TASK STATEMENT
Copy out the data that comes next, character for character, and leave the images aside.

DATASET EXTRACT
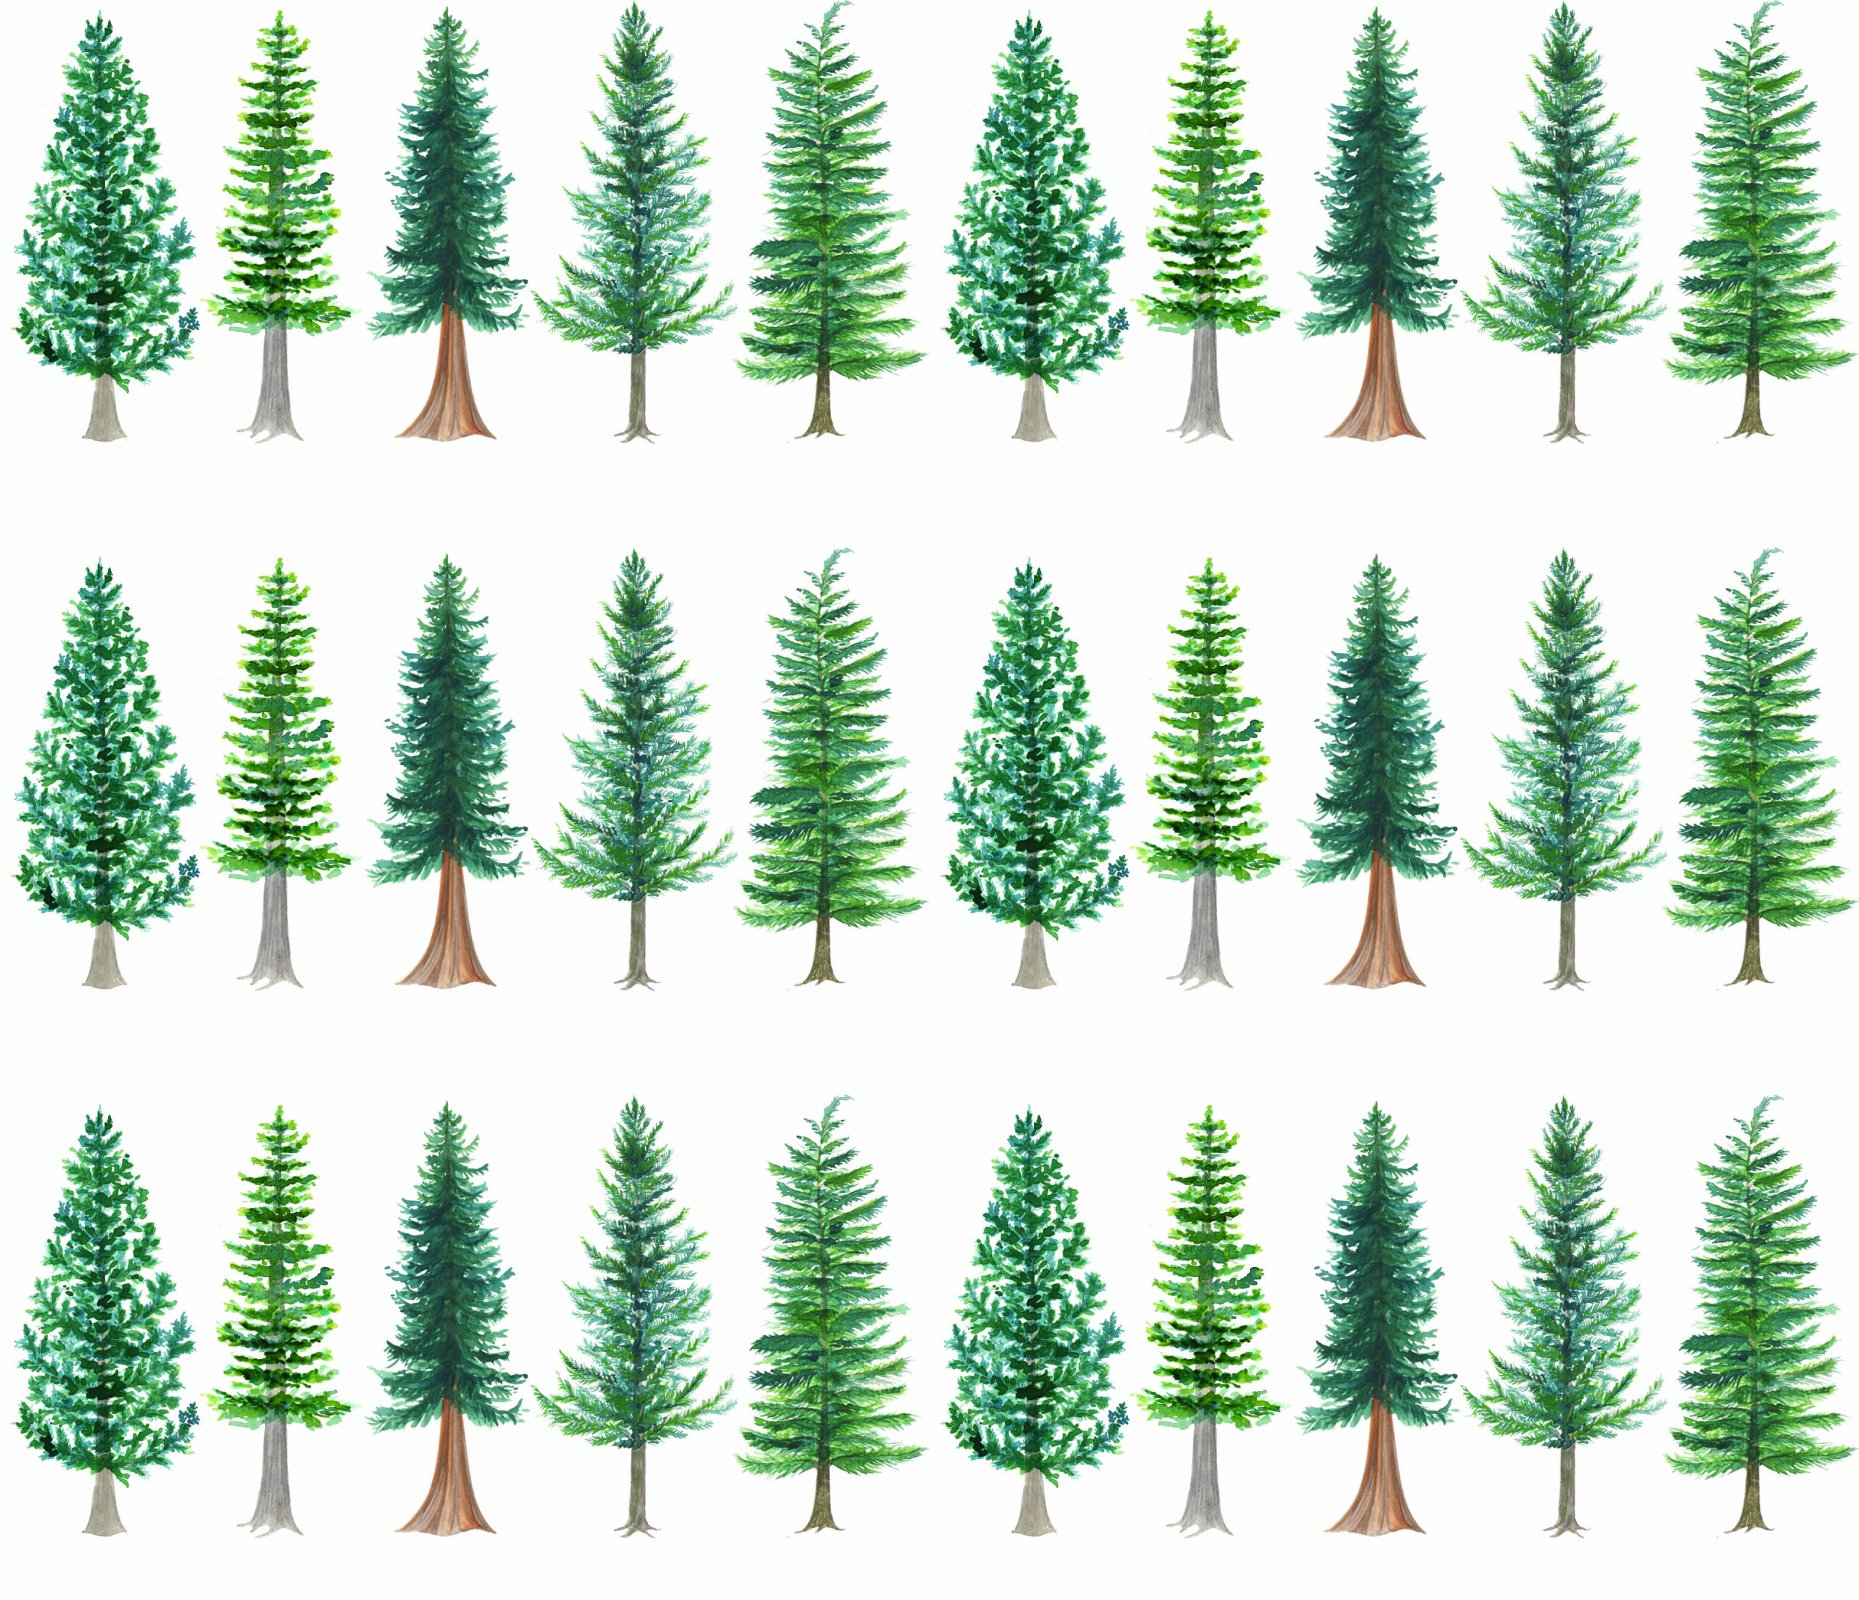 WWQSH 2021 Treepattern PRE-ORDER
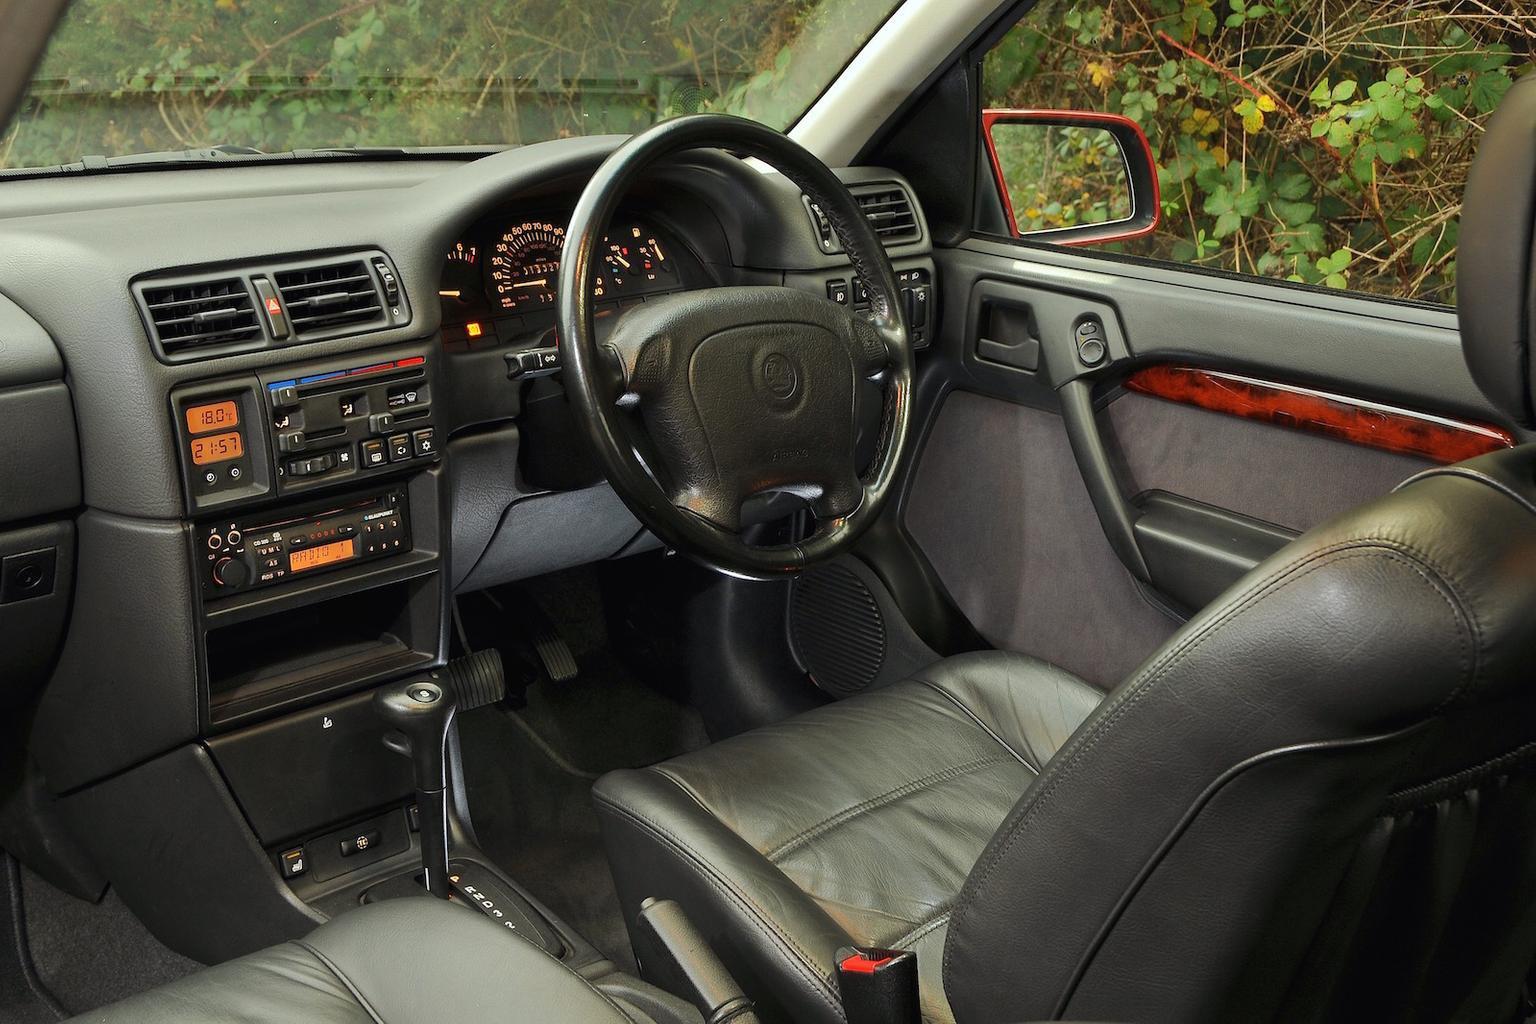 Vauxhall Cavalier – Rewind Wednesday
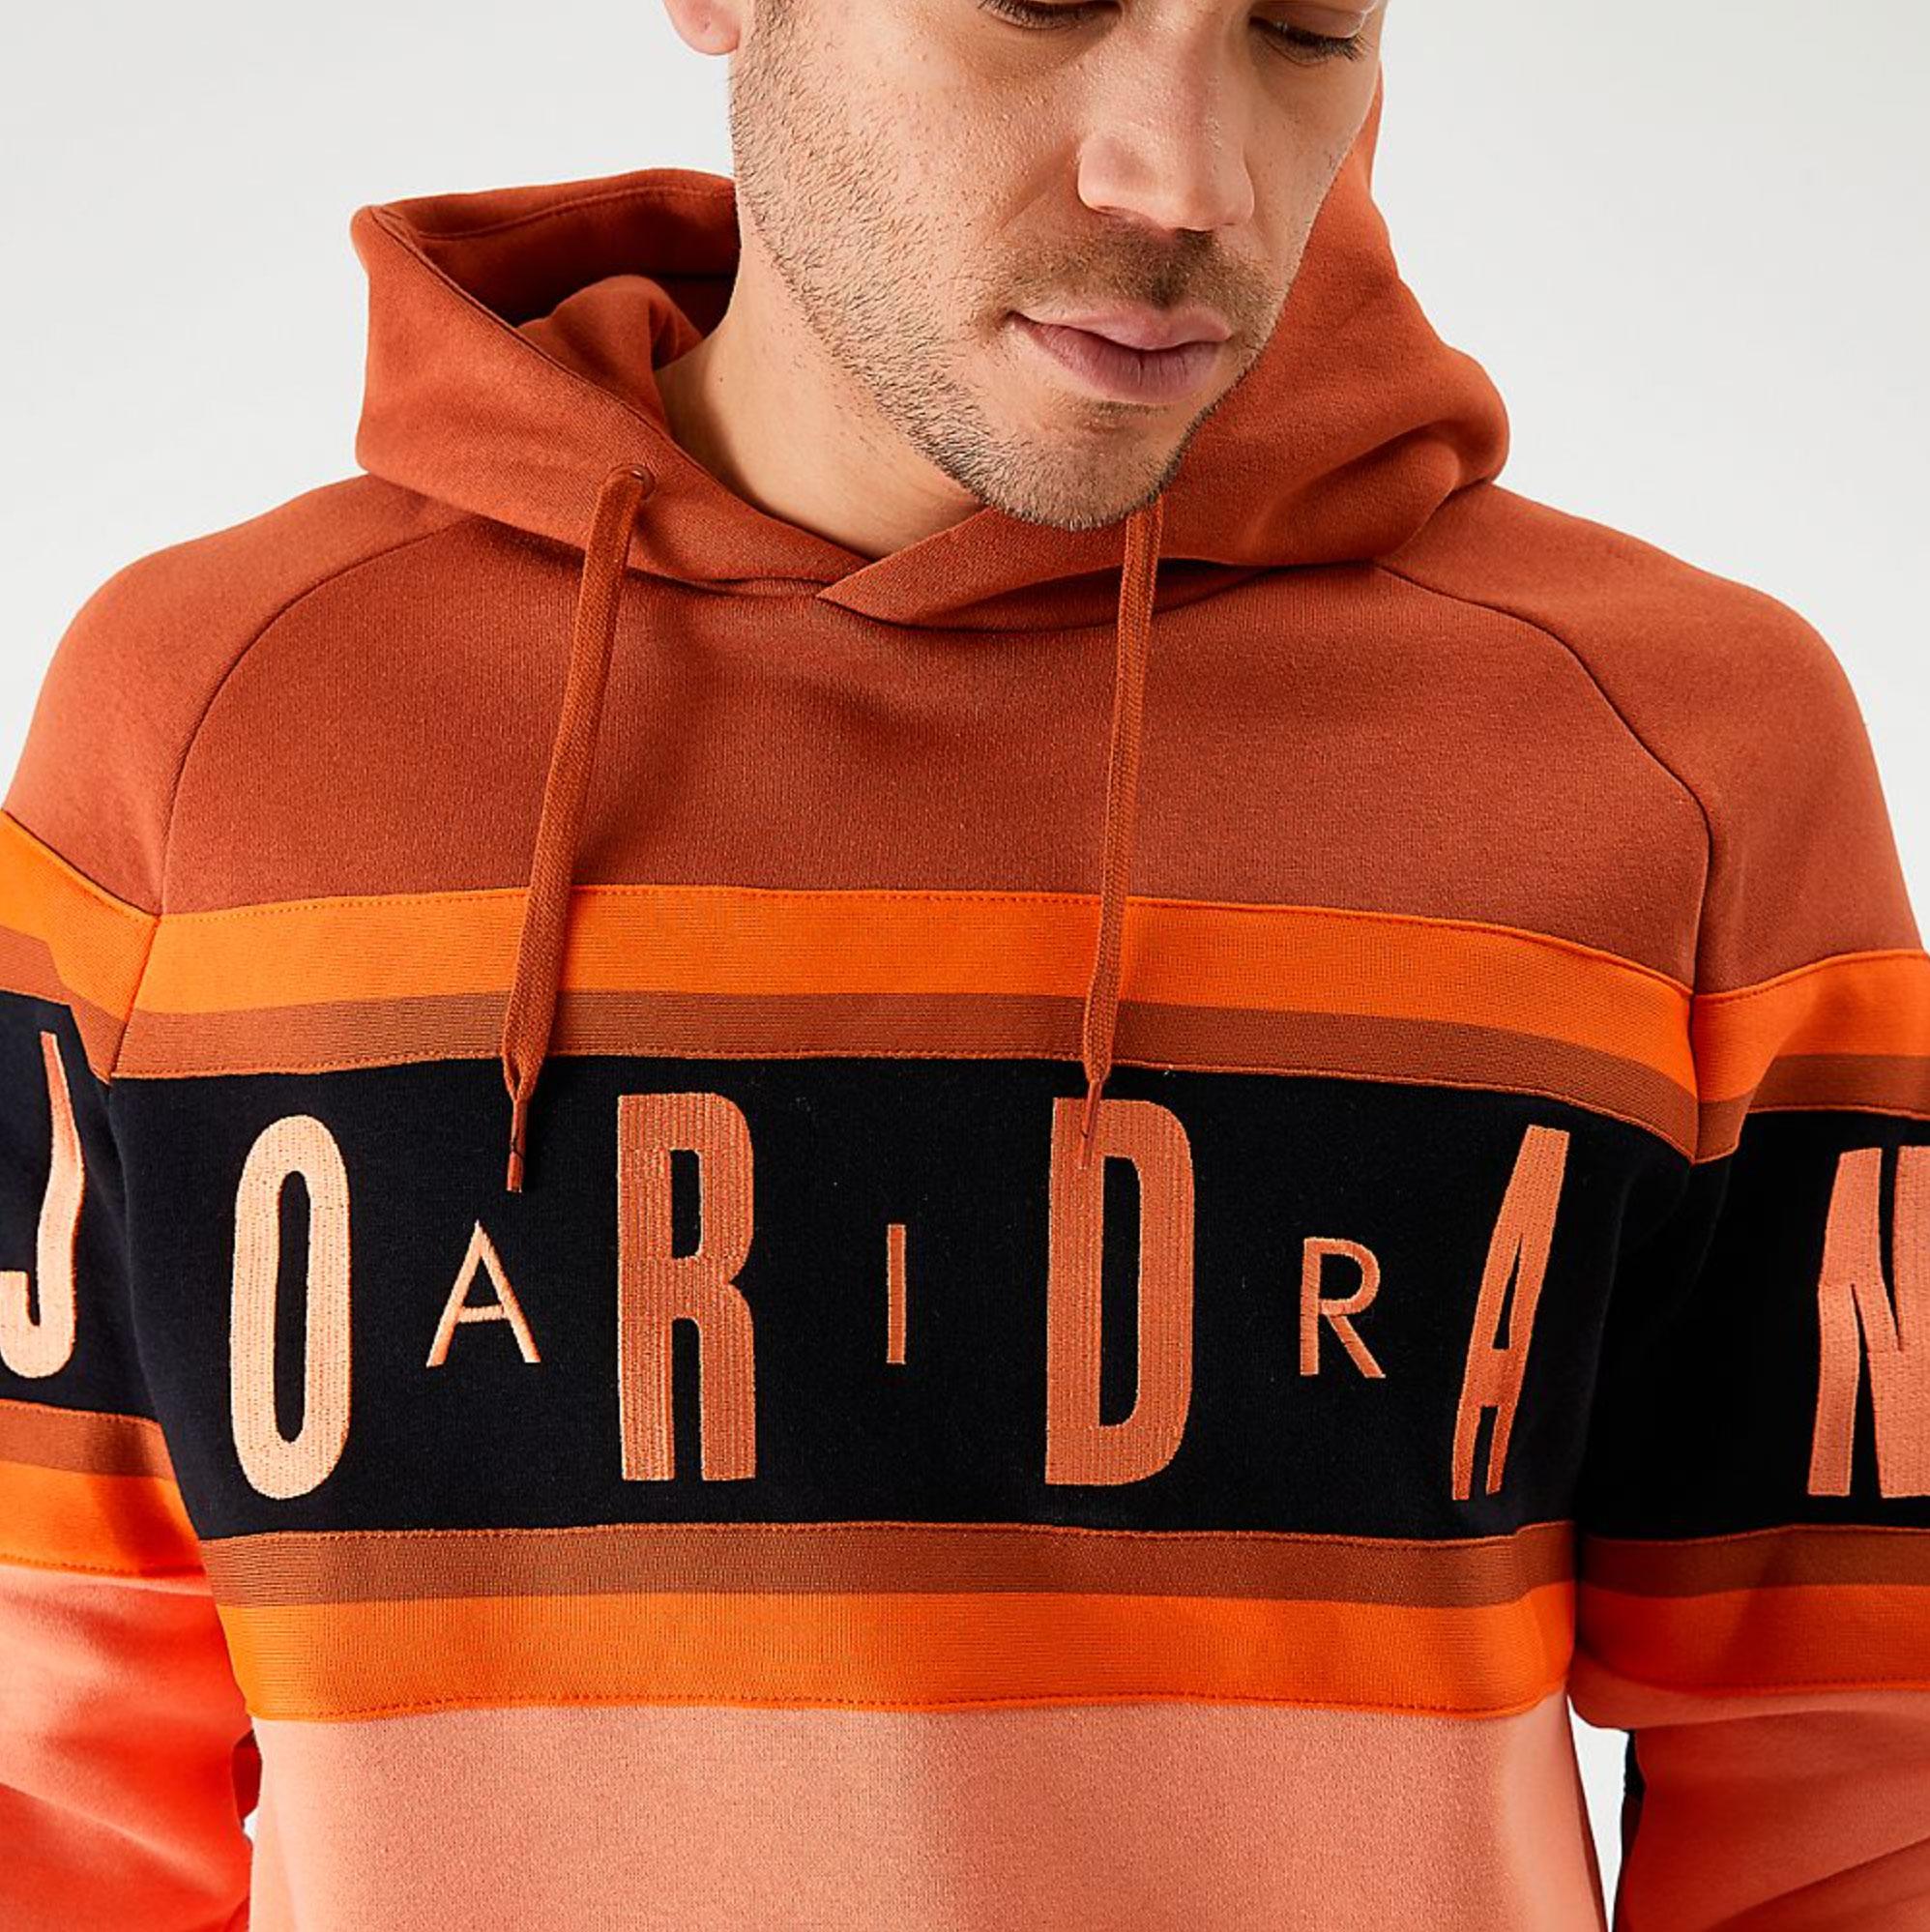 jordan-1-shattered-backboard-matching-hoody-1

ANSWER TO THIS PROBLEM
 WWQSH 2021 Treepattern PRE-ORDER
 Vauxhall Cavalier – Rewind Wednesday
 jordan-1-shattered-backboard-matching-hoody-1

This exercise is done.